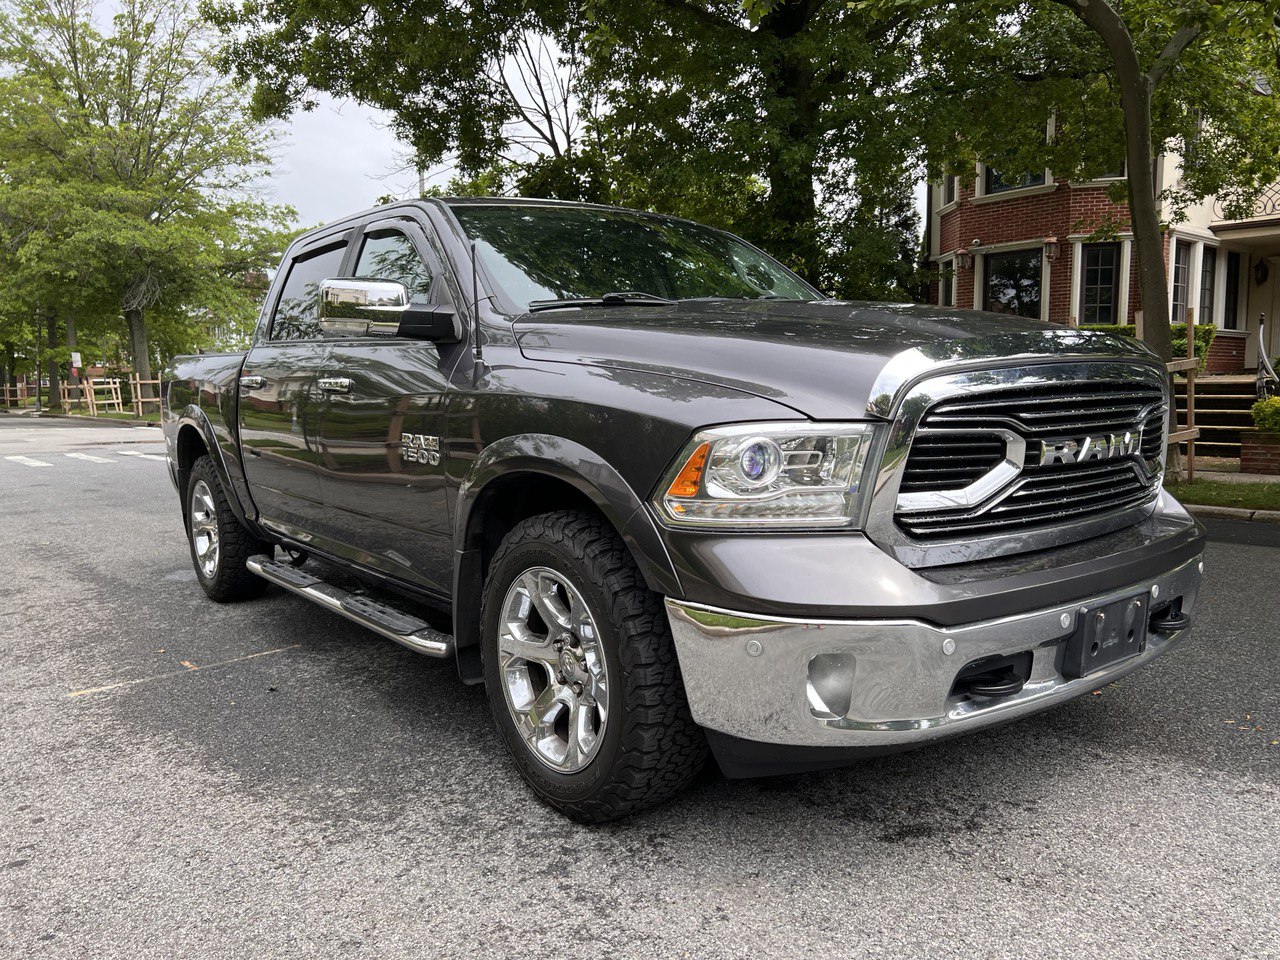 Used Car - 2016 RAM 1500 Laramie 4x4 4dr Crew Cab for Sale in Staten Island, NY
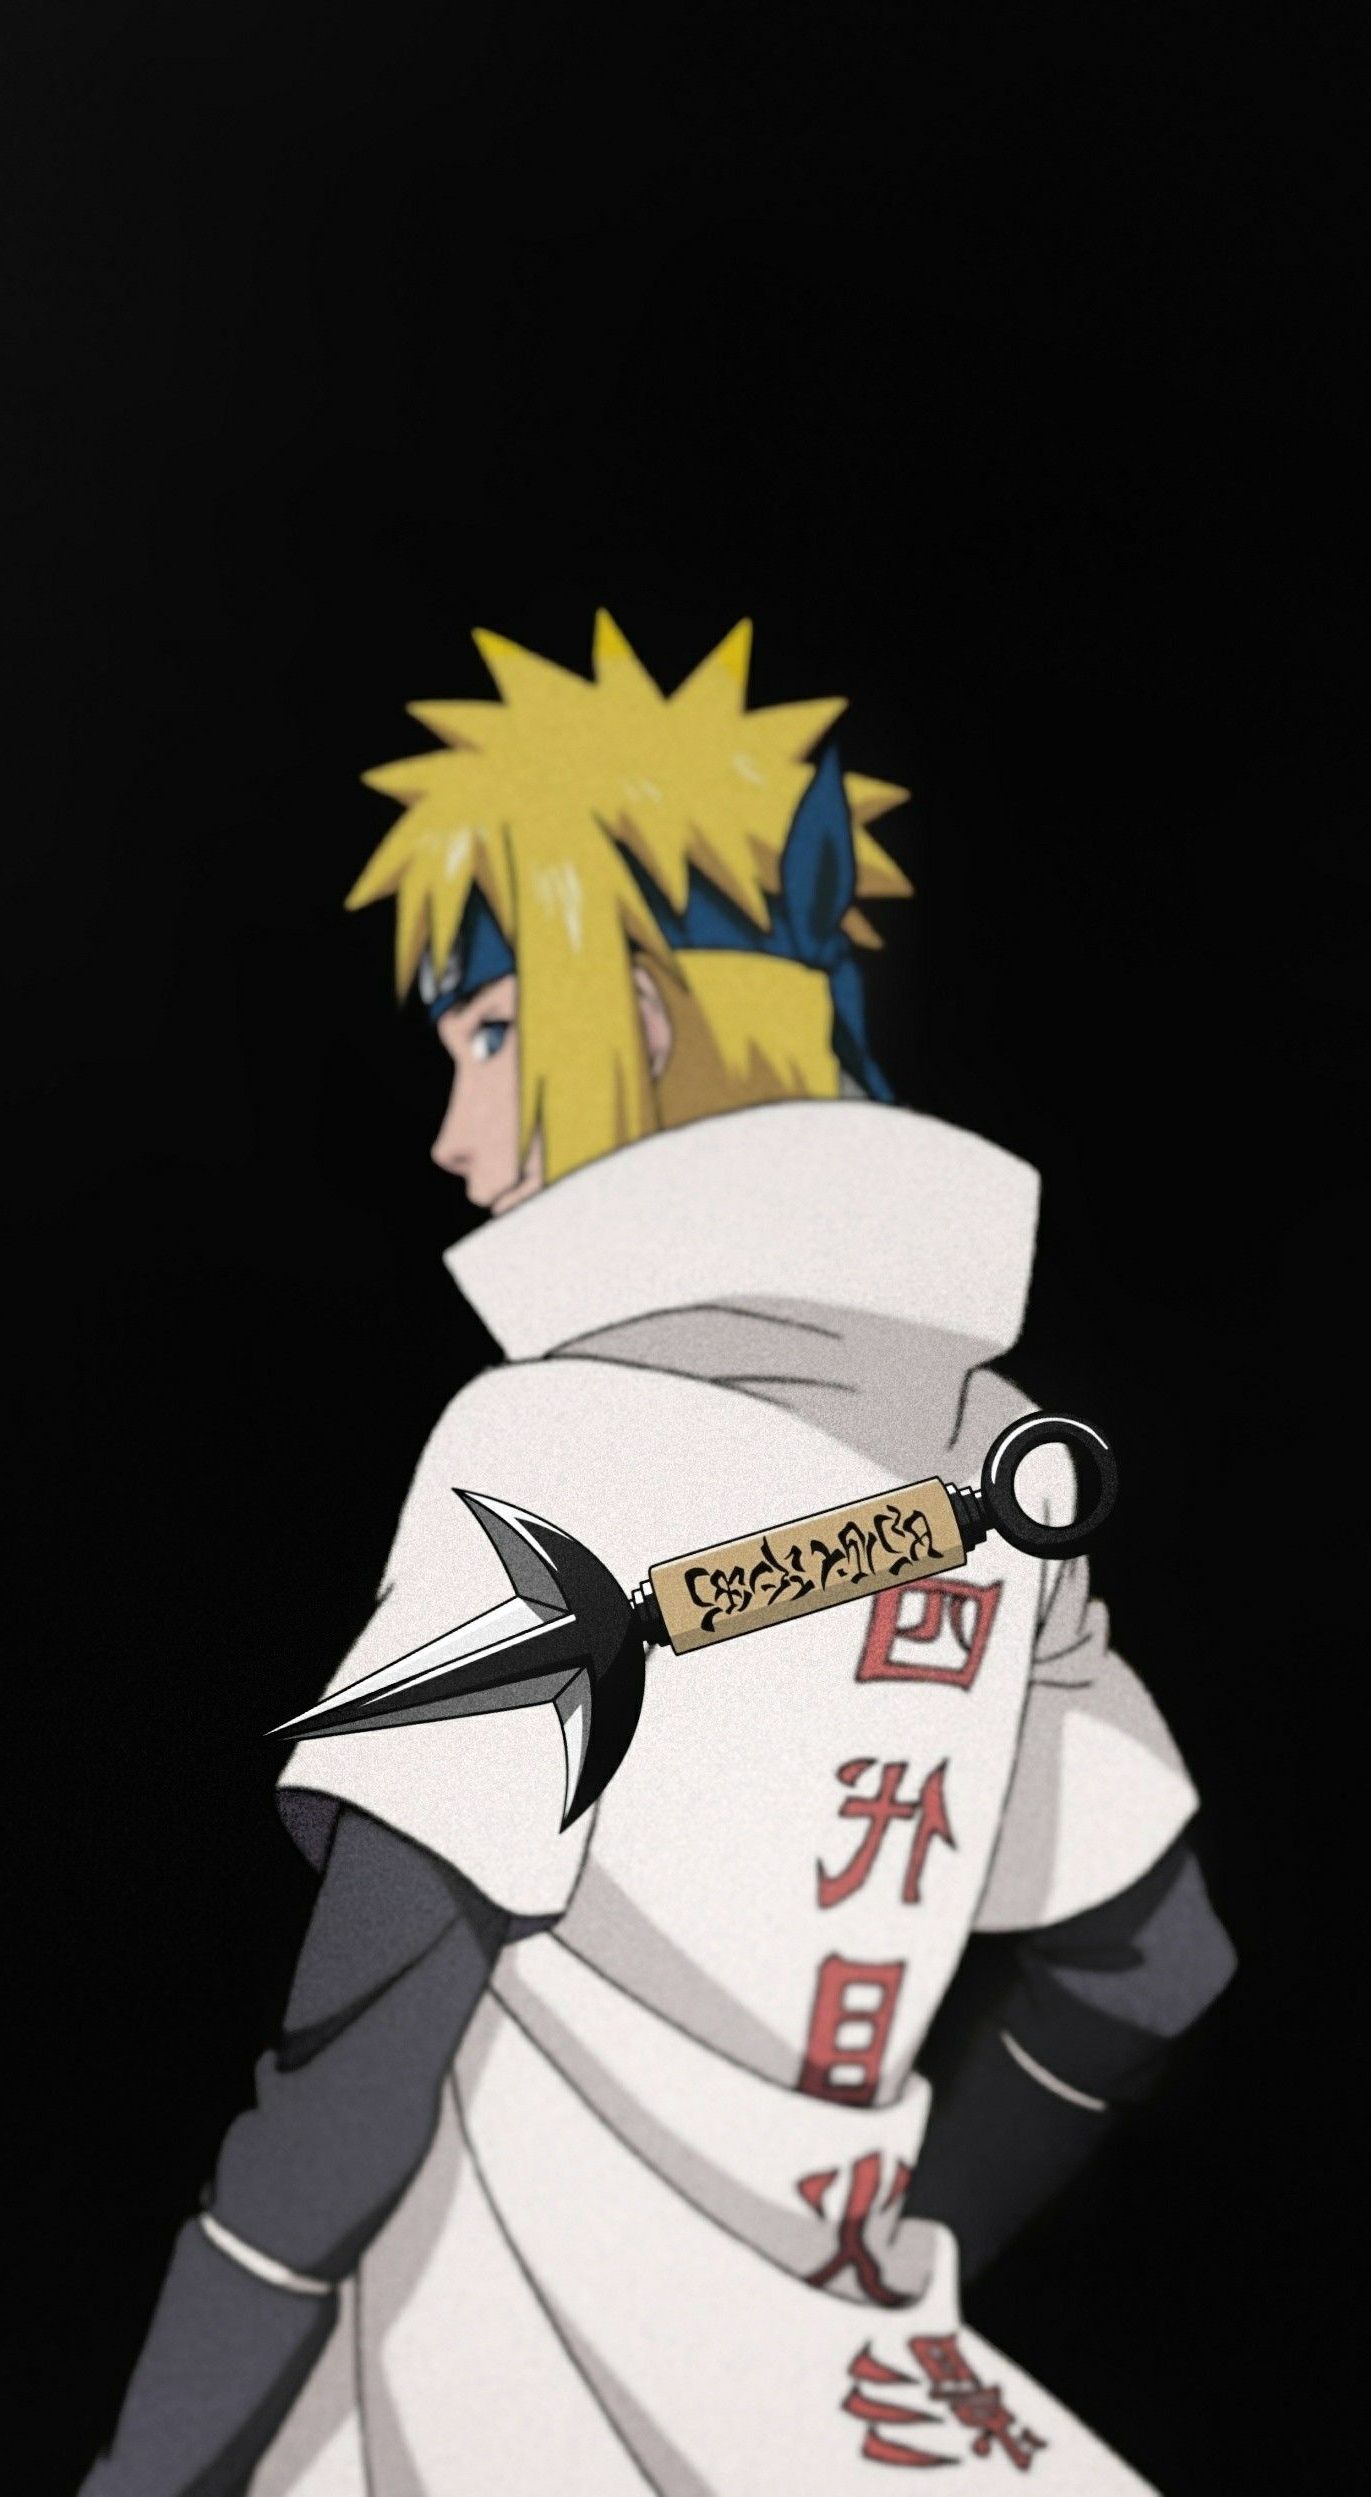 Picture Of Minato Wallpapers
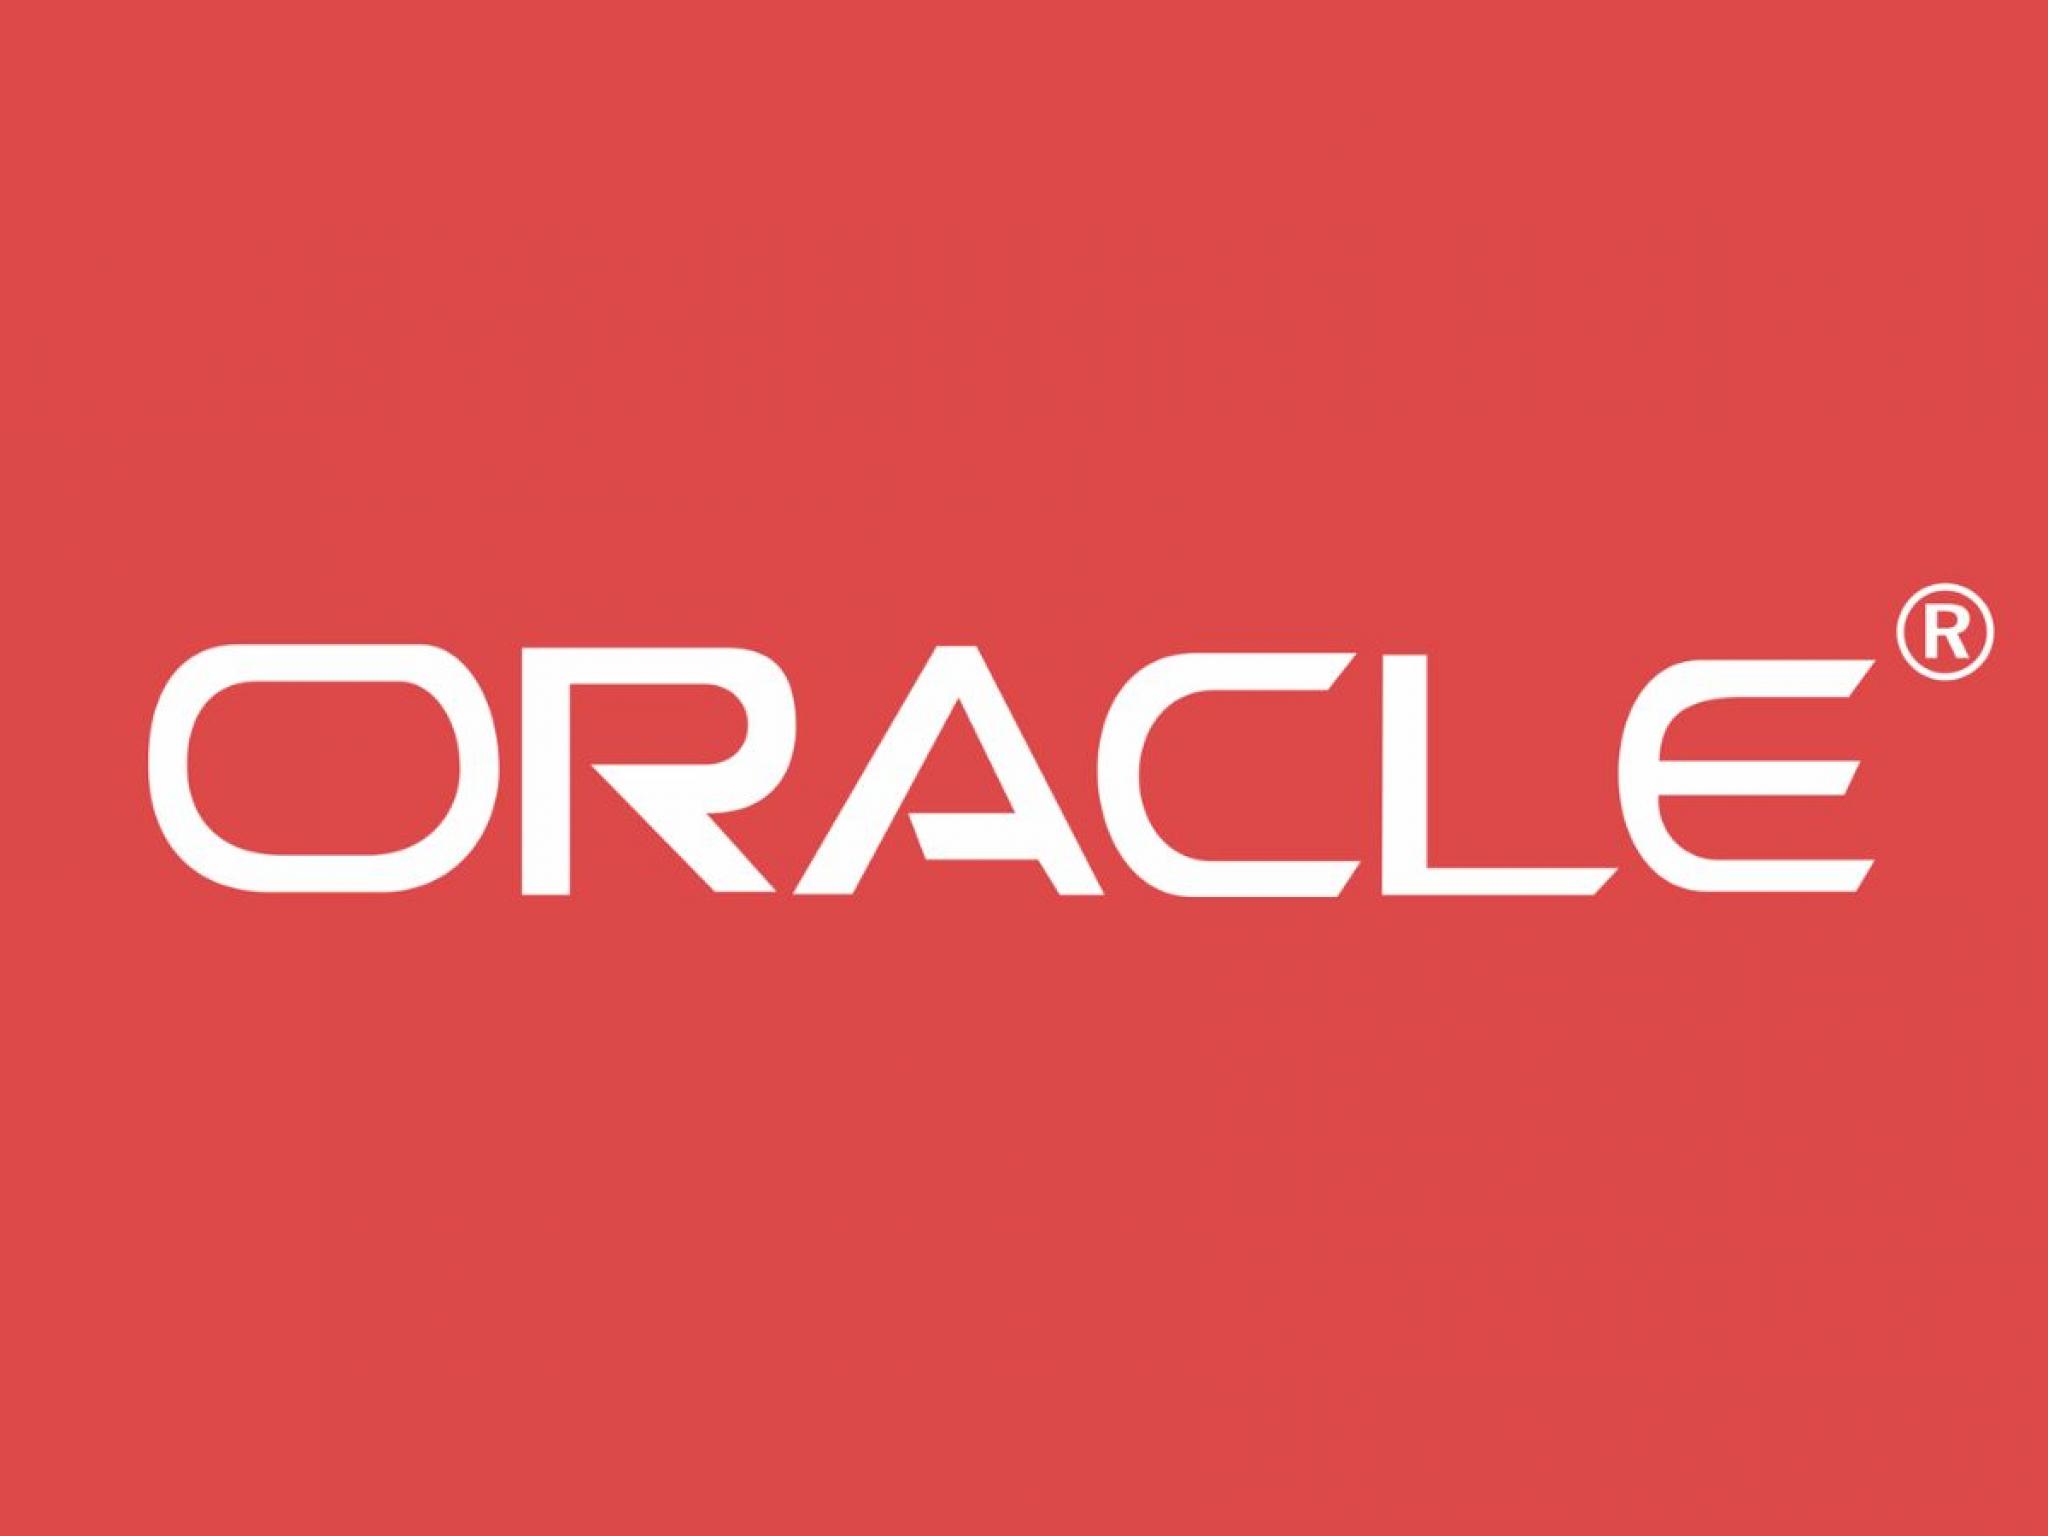  oracle-reports-weak-sales-joins-kinetik-lucid-group-and-other-big-stocks-moving-lower-in-tuesdays-pre-market-session

------------------------------

TO DO >> Starting from the line where "Picture Of Minato Wallpapers" appears, copy every line through the end of the material, both ends included, but no pictures.

SOLUTION >>
 Picture Of Minato Wallpapers
  oracle-reports-weak-sales-joins-kinetik-lucid-group-and-other-big-stocks-moving-lower-in-tuesdays-pre-market-session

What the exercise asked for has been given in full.